(Supplied material)

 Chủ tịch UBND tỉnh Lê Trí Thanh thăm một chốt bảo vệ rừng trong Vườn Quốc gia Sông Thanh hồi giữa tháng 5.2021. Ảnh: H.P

(End Supplied material)
(Supplied material)

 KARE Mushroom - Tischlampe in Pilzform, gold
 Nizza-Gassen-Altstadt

(End Supplied material)
(Supplied material)

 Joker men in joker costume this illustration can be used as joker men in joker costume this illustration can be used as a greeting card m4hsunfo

(End Supplied material)

| What you will do |
Repeat, exactly as they stand above, the lines from the line with "KARE Mushroom - Tischlampe in Pilzform, gold" to the line with "Nizza-Gassen-Altstadt", both lines included.

| Response to this task |
 KARE Mushroom - Tischlampe in Pilzform, gold
 Nizza-Gassen-Altstadt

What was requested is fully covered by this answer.